We kept a hard rolling boil to get the volume down to the 11 gallons we wanted at the end of the boil. The propane tank kept icing up around the bottom half and gas flow slowed many times. Shaking the propane tank help get the gas flow back up. I haven’t seen this in past brews. The air temperature at the start of the brew session was around 55 degrees. I think it was about that during the boil. This could have something to do with the tank freezing up. As gas flows through the valve and regulator, the pressure drops and so does the temp, bringing the temp down below freezing.

We hooked up the Therminator counter flow chiller and began to pump boiling wort through it at 15 minutes remaining in the boil. Also added two Whirlflox tablets and the 15 minute hops. After flameout at 5:40 PM, we chilled the wort, recirculating it through the Therminator counter flow chiller. The hose water was around 64 degrees, so the chiller worked really well, bringing the 11 gallons of wort from boiling to 68 degrees in less than thirty minutes. This is a good chill time for Two Finger Head Homebrew – we’re not so lucky in the summer with the high hose water temps.

Once chilled, we ran the wort into two plastic pail fermenters. We hit our target levels in both with nearly zero wort remaining in the boil pot. Specific gravity: SG=1.055. Our recipe suggested 1.054, so we’ll call it a complete success!

I sprinkled one pack of Danstar Windsor ale yeast onto the surface of the wort in each of the fermentation pails, placed them in the 67 degree refrigerator and installed the airlocks.

This brew seemed to go off really well. We usually have some technical issue or something that happens to throw us off.

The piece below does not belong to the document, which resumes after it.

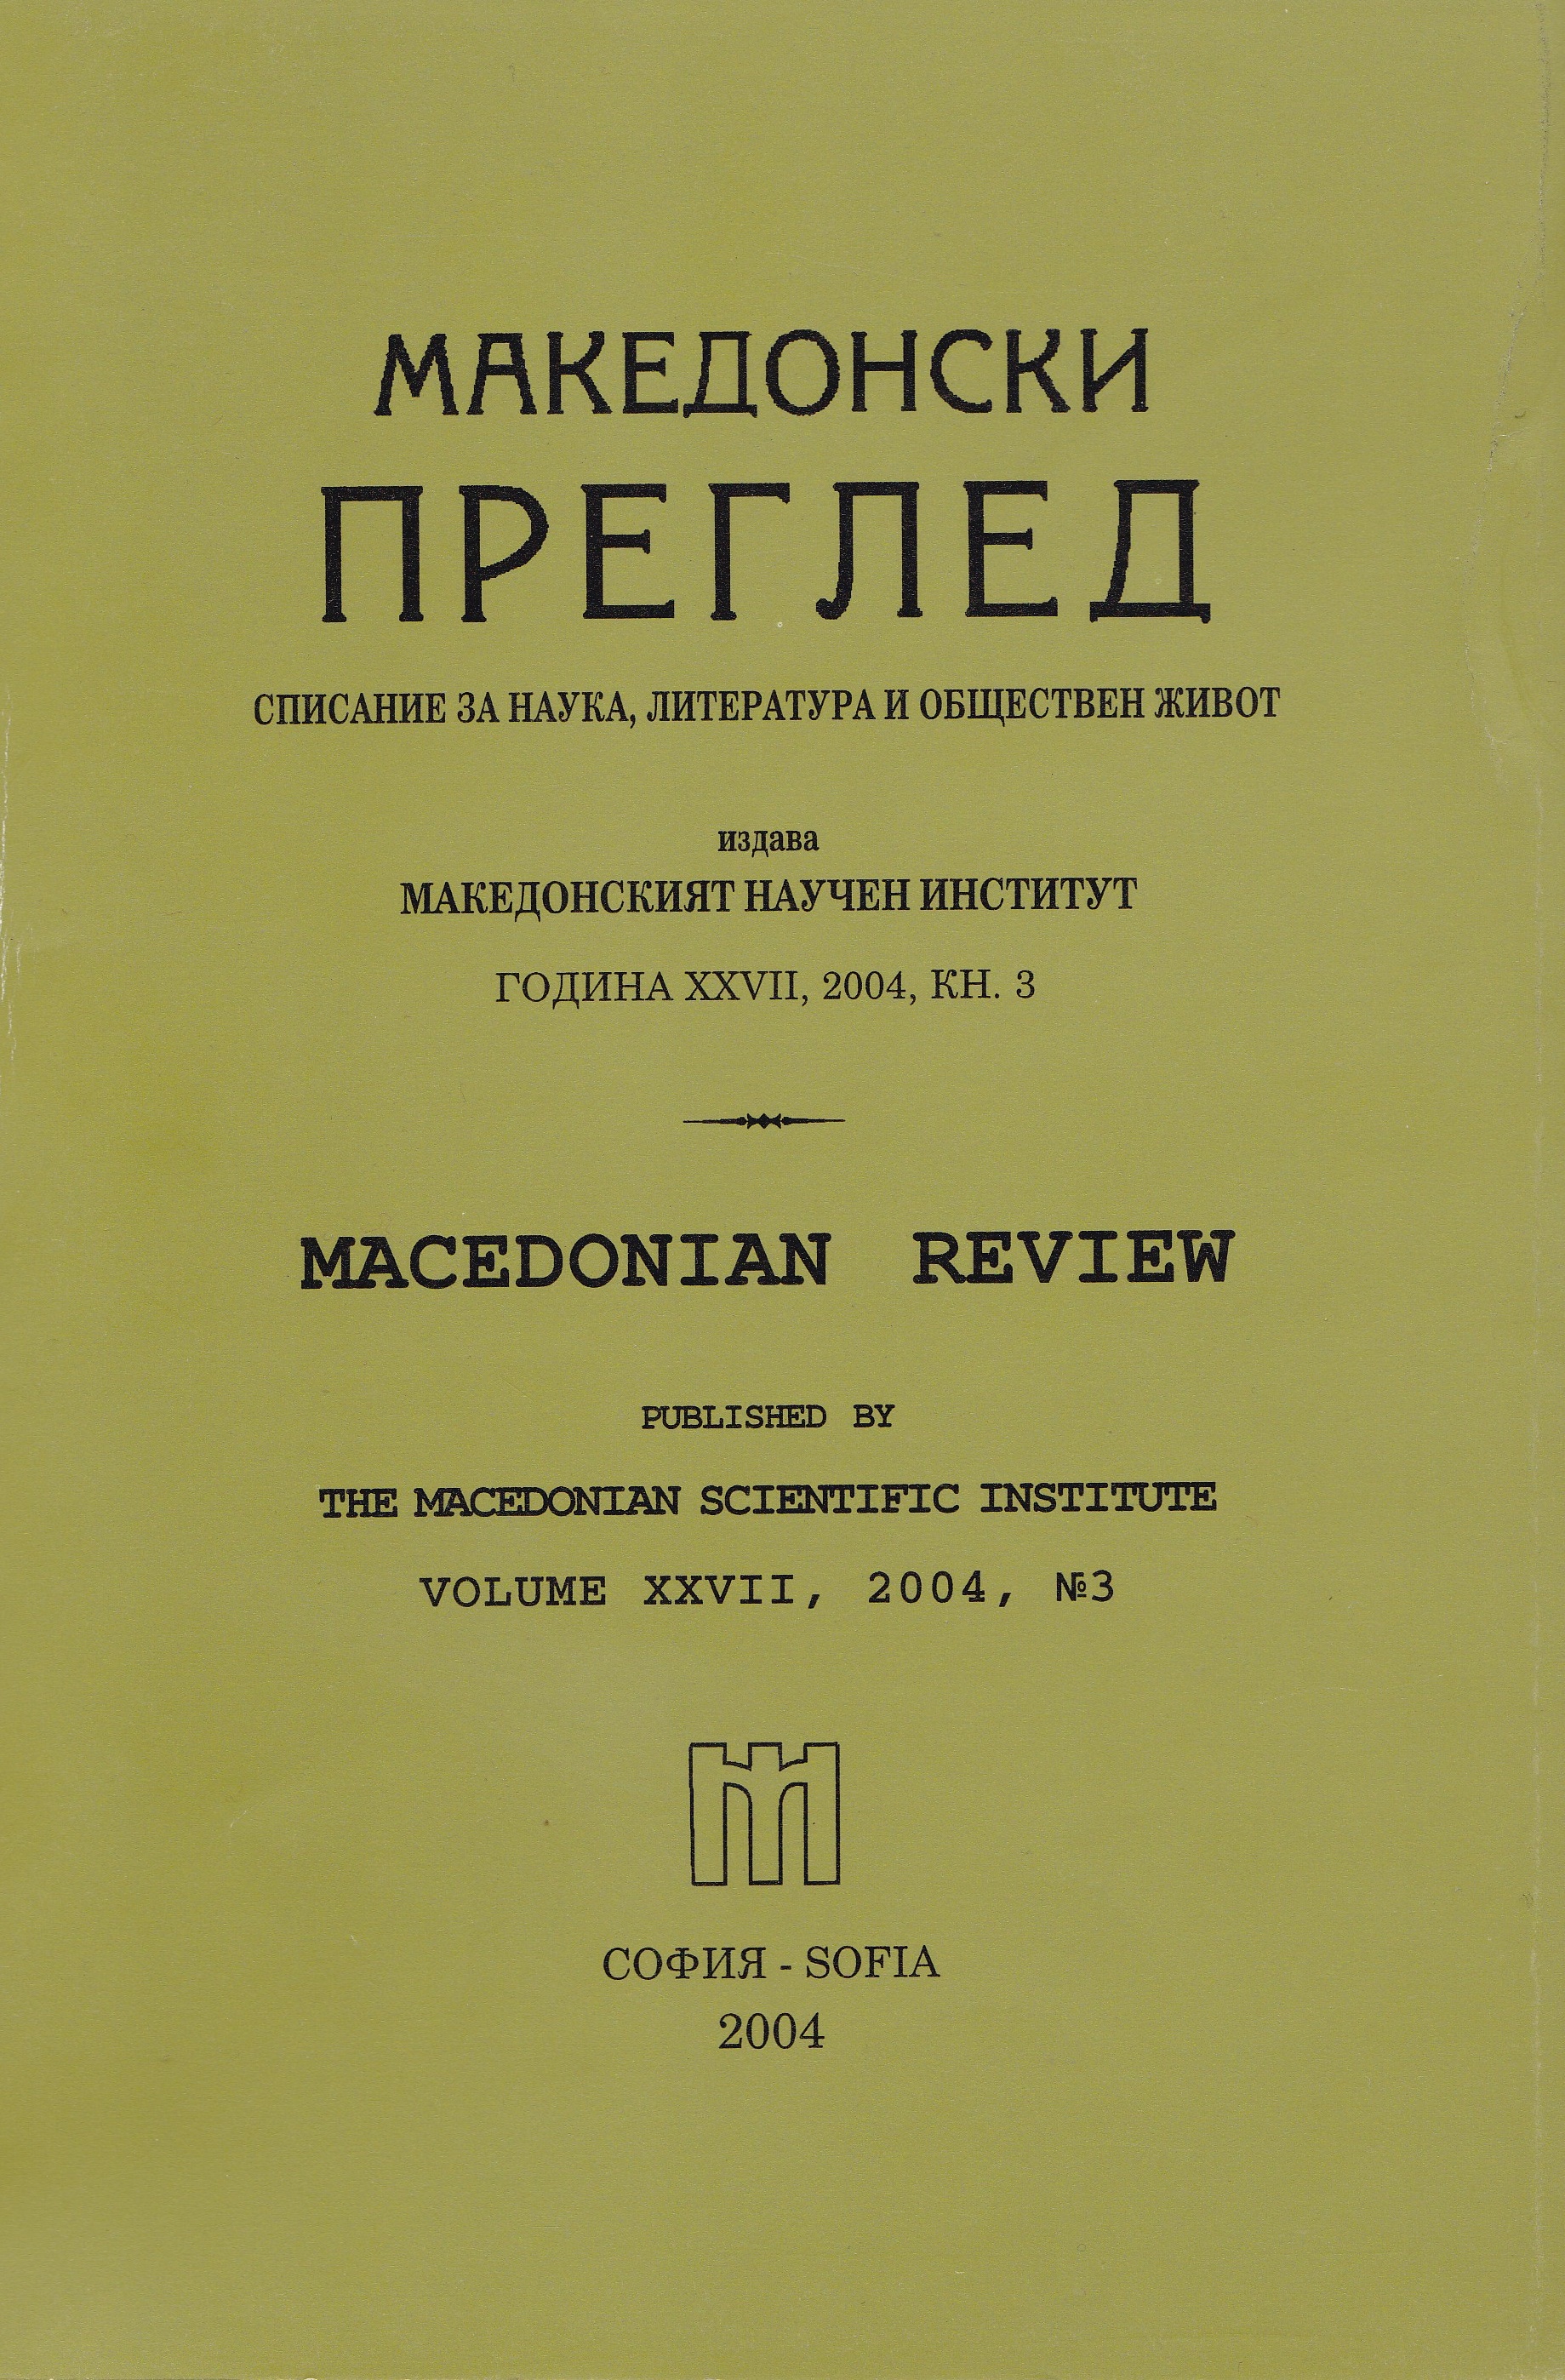 Todor Dimitrov, Region of Kyustendil - chief rebel's base for Macedonia 1985-1912, Kyustendil. 2004, 97 p. Review by Vasilka Stoykova Cover Image

The only unplanned thing was that we drew too much wort during the sparge, so we had to boil for 90 minutes and that was just not a problem!

UPDATE 111210: The beer has be fermenting in the refrigerator at 67 degrees F since brewday for the last two weeks. Today I set the temperature controller to 36 degrees to begin cold crashing. I will leave it for another two weeks and then it will be ready to keg and condition.